5. Displacement of the implant - In this scenario, the implant moves too far down the buttock area or to far to the side. The reason why is because the implant dissects down the tissues and creates a bigger implant pocket. The correction would require either internal suturing or making a new capsule that Dr. Mendieta could use for the implant, which may be placed back after three months.
6. Wound healing problems or wound dehiscence - The wound may open up, requiring dressing changes until it heals. The area in which the incision is placed, which is right down the center of the sacrum, has tension and is in an area that is difficult to keep clean. Therefore, in some patients, minor wound problems develop, like the wound opens or has persistent drainage. This problem usually resolves on its own and it just a matter of letting time heal the wound.

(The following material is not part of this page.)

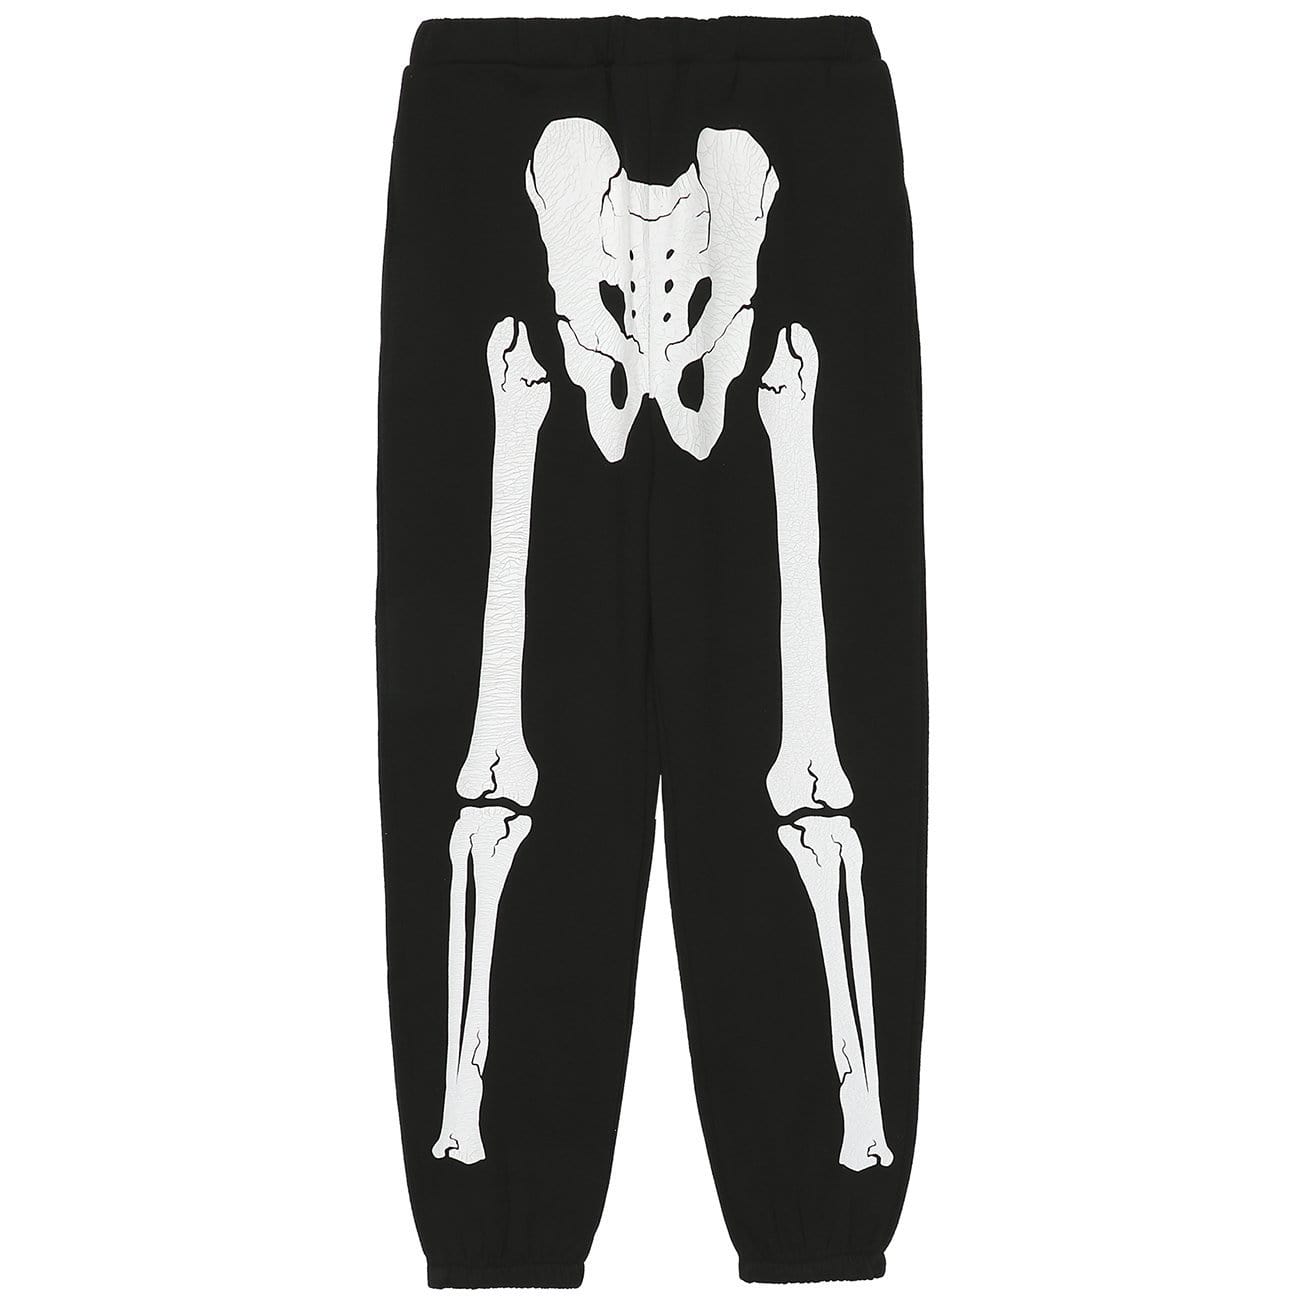 Human Skeleton Print Pants Streetwear Brand Techwear Combat Tactical YUGEN THEORY

7. Prolonged fluid drainage from the incision site - This is usually localized fluid that surrounds the incision site, not the implant. Many times it may require that the wound needs to be explored to determine that it is not a more severe infection. Often, it is a suture that has become infected and needs to be removed. The solution may be to either remove the suture or require that the wound be left open and allow it to heal on its own over time with the aid of dressing changes.
8. Fluid collection around the implant - This is most likely a seroma, which is a clear sterile fluid that the body produces as a reaction to a foreign object – the implant. This can easily be drained with a needle. It is a benign problem that usually resolves on its own and may not require drainage. Very rarely will it require more aggressive therapy like drainage, re-operation, or sclerosis. However, it is important to distinguish this fluid from an infection. An infection is very different and will require the removal of the implant.
9. Bad scarring - This is hardly ever a problem because of the location of the
scar. It is in the middle of the sacrum and is very inconspicuous, so it is hard to see. Even if you do get a bad scar, it will be hard for anyone to notice. The scar, however, can itch.
10. Asymmetry (one side of the buttock looks different than the other side) - This really is not even a complication because it is part of our normal anatomy to have one side of the body different than the other. However, when we perform the augmentation, you may become more aware of the differences. If you look at your photos before surgery, you will see that the differences already existed before.